Jaballa Matar has apparently remained in prison. Today, a handful of further letters and a few eyewitness reports constitute the only evidence that he is still alive. For Hisham Matar, then, current events in Libya hold an additional, vast and personal significance: they may well create the circumstance in which, at last, 21 years of uncertainty are ended, and he discovers the truth about his father.
Such are the circumstances that 40-year-old Matar now occupies that it seems amazing, somehow, that he can sit opposite me in this cafe, and converse as he does. In fact, his presence of mind runs even deeper: at the outset of the unrest in Libya, Matar set up a makeshift newsroom in his London flat with the aim of helping bring the truth to the world.

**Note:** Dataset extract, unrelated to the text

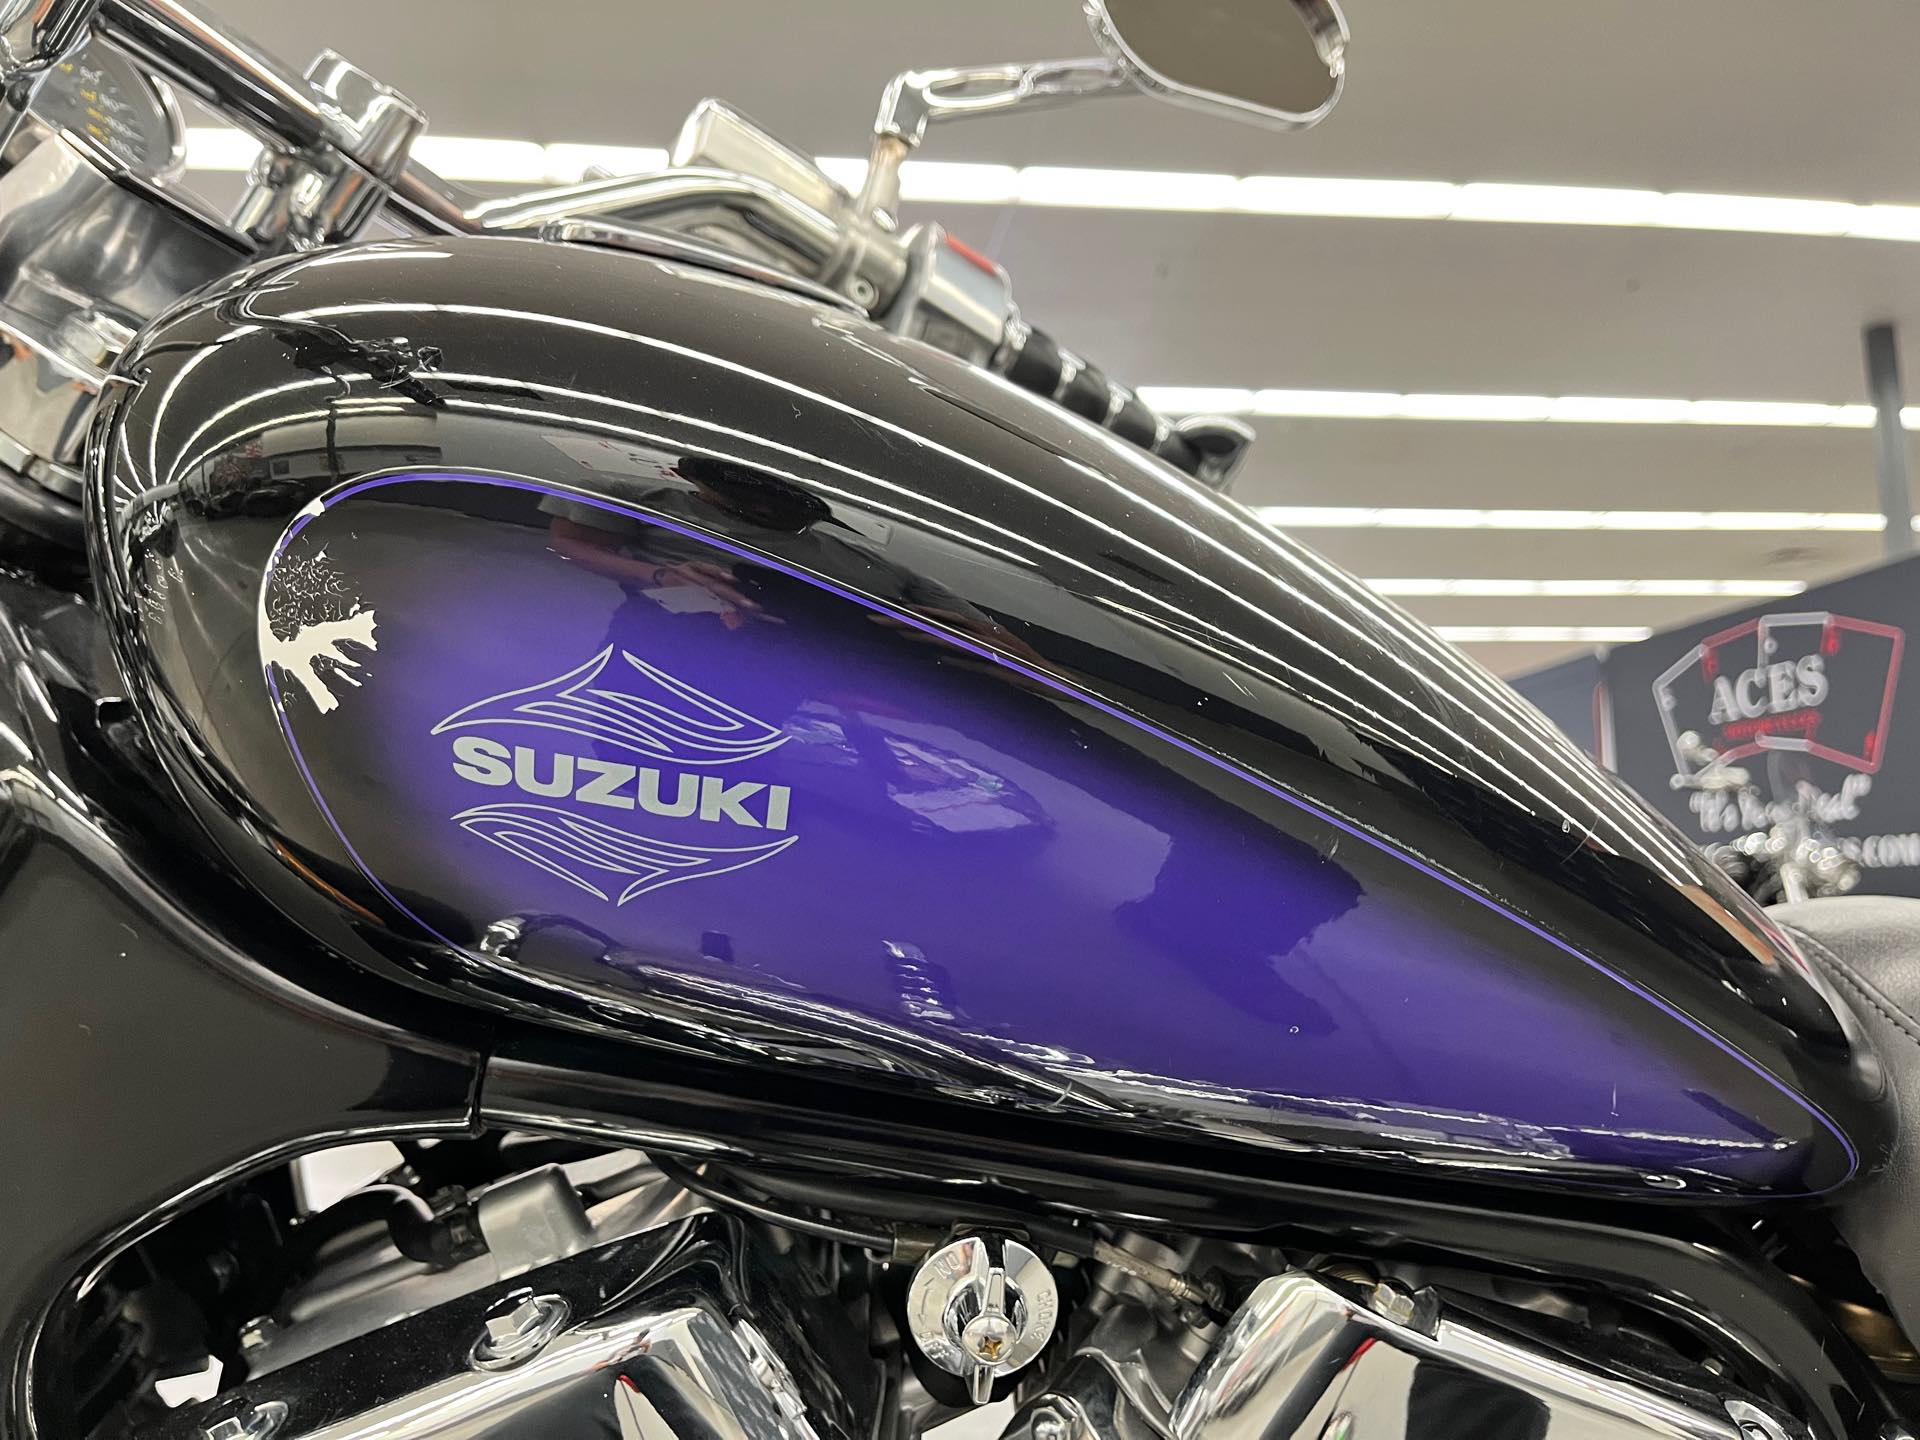 1992 SUZUKI VS1400 at Aces Motorcycles - Denver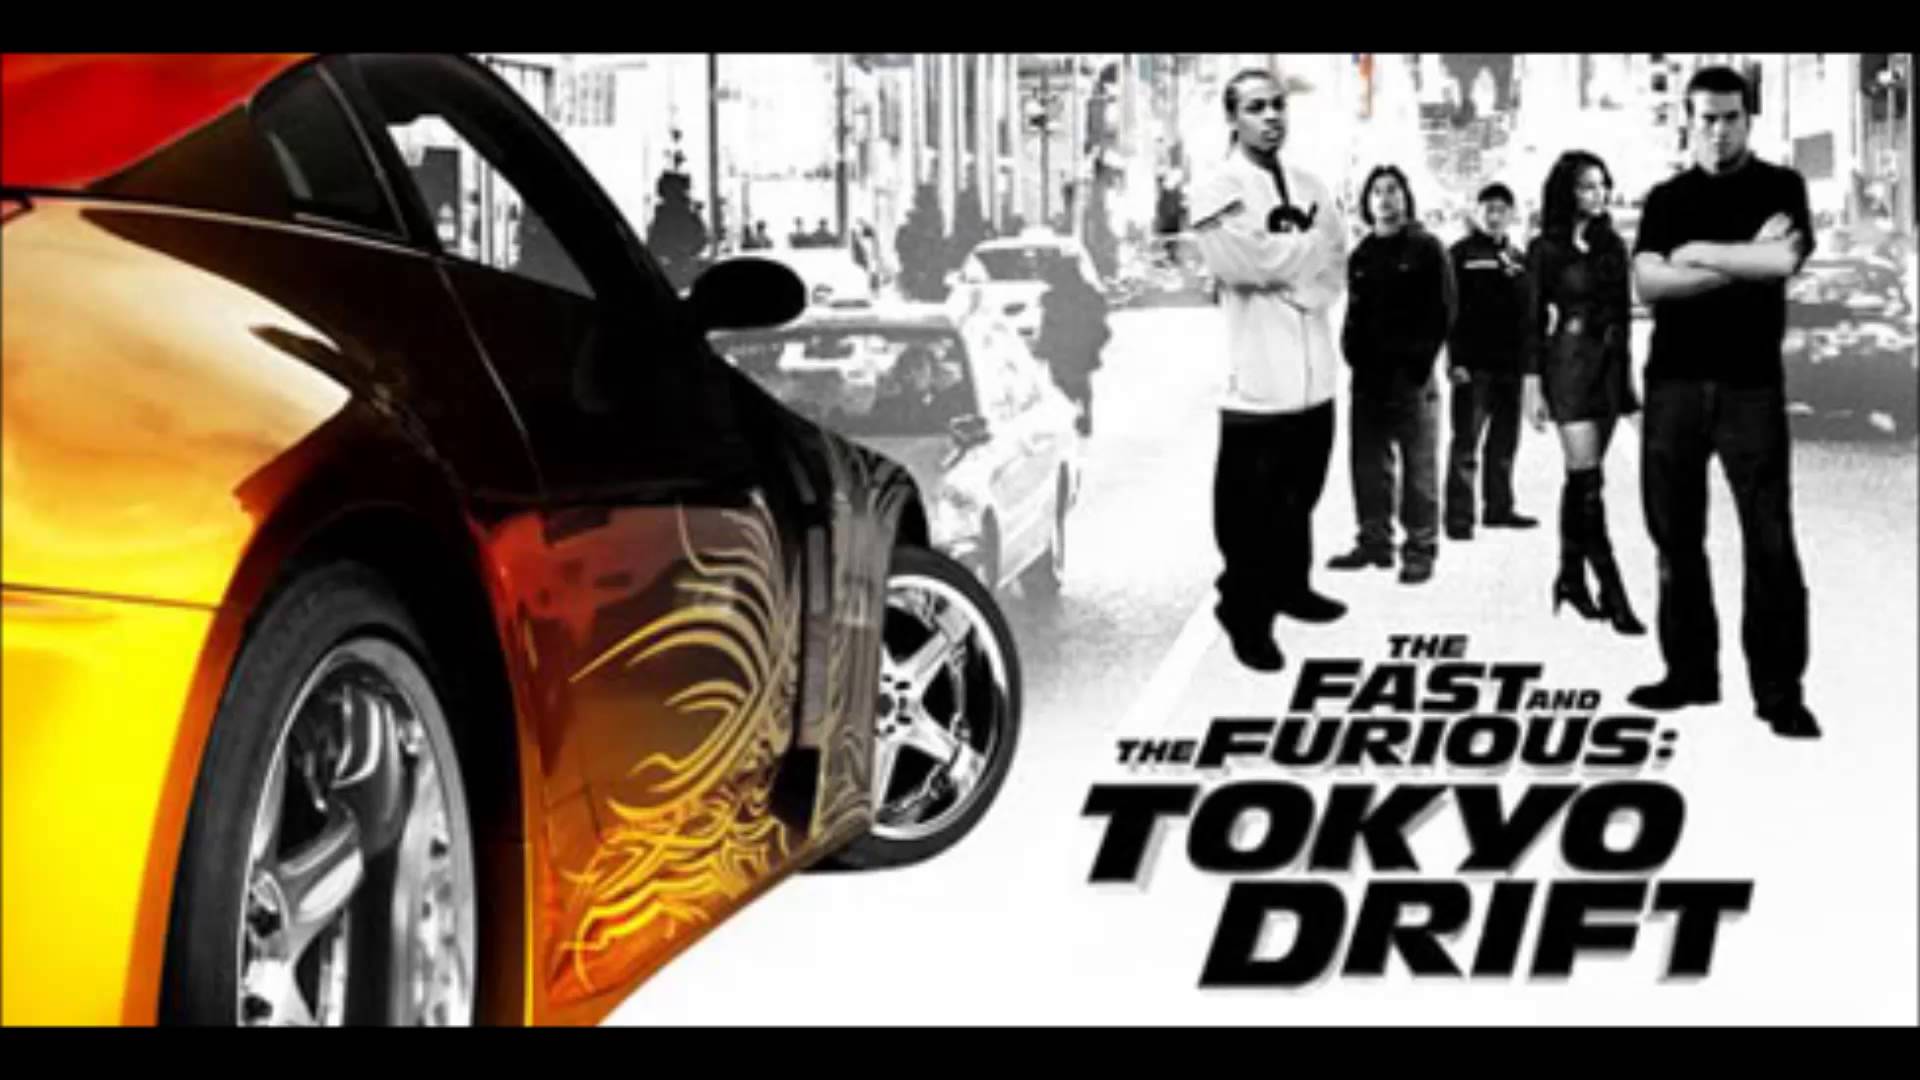 Tokyo drift megastylez. Тройной Форсаж: Токийский дрифт (2006) Постер. Тройной Форсаж Токийский дрифт 2006 обложка.

"Days after the revolution started, I was hearing stories of horrendous killings by the security forces," says Matar. "But these stories weren't reaching mainstream media; even footage from mobile phones wasn't reaching the net because Qaddafi was already blocking access.
"So some friends and I began calling people in Libya, getting stories, cross-checking them, and then when we had something solid we would pass to the newspapers."
It's likely that we know rather more about events in the early days of the Libya uprising than we might have without Matar's effort. "We've broken the wall of silence," he says, "but it was also about telling people inside Libya that they are not alone.
"These are people in physical danger, and there is fear in their voices. The people fighting are like you and me - they have probably never held a gun in their life. It says a lot about their bravery."
So can he allow himself to be optimistic about Libya's future? (Much, it should be noted, has happened in the few weeks since Matar answered this question.)
"I don't think Qaddafi can stamp out what is happening," he says. "The movement is spread so widely, it has no leader; it is across all of society.
"Also, the old fear had died. Yes, there is fear of the violence that is happening now. But that old, more sinister fear of the dictatorship itself has gone. It just feels as though people know that however many guns Qaddafi points at them, it is finished. Of course, I have my doubts. But I am optimistic."
It should come as no surprise that Matar remains level-headed in the midst of such tumult. After all, despite adversity he has made for himself a life of industry and acclaim. Matar was 20 years old and a student in London when his father was kidnapped; he was an architect before writing his first novel, 2006's In the Country of Men, which was shortlisted for the Booker Prize. That novel dealt with the disappearance of a father, as does Anatomy of a Disappearance. In this latest work we follow the childhood and adolescence of Nouri, a Libyan boy whose father, a former government minister, disappears, leaving Nouri and his stepmother Mona to discover the truth.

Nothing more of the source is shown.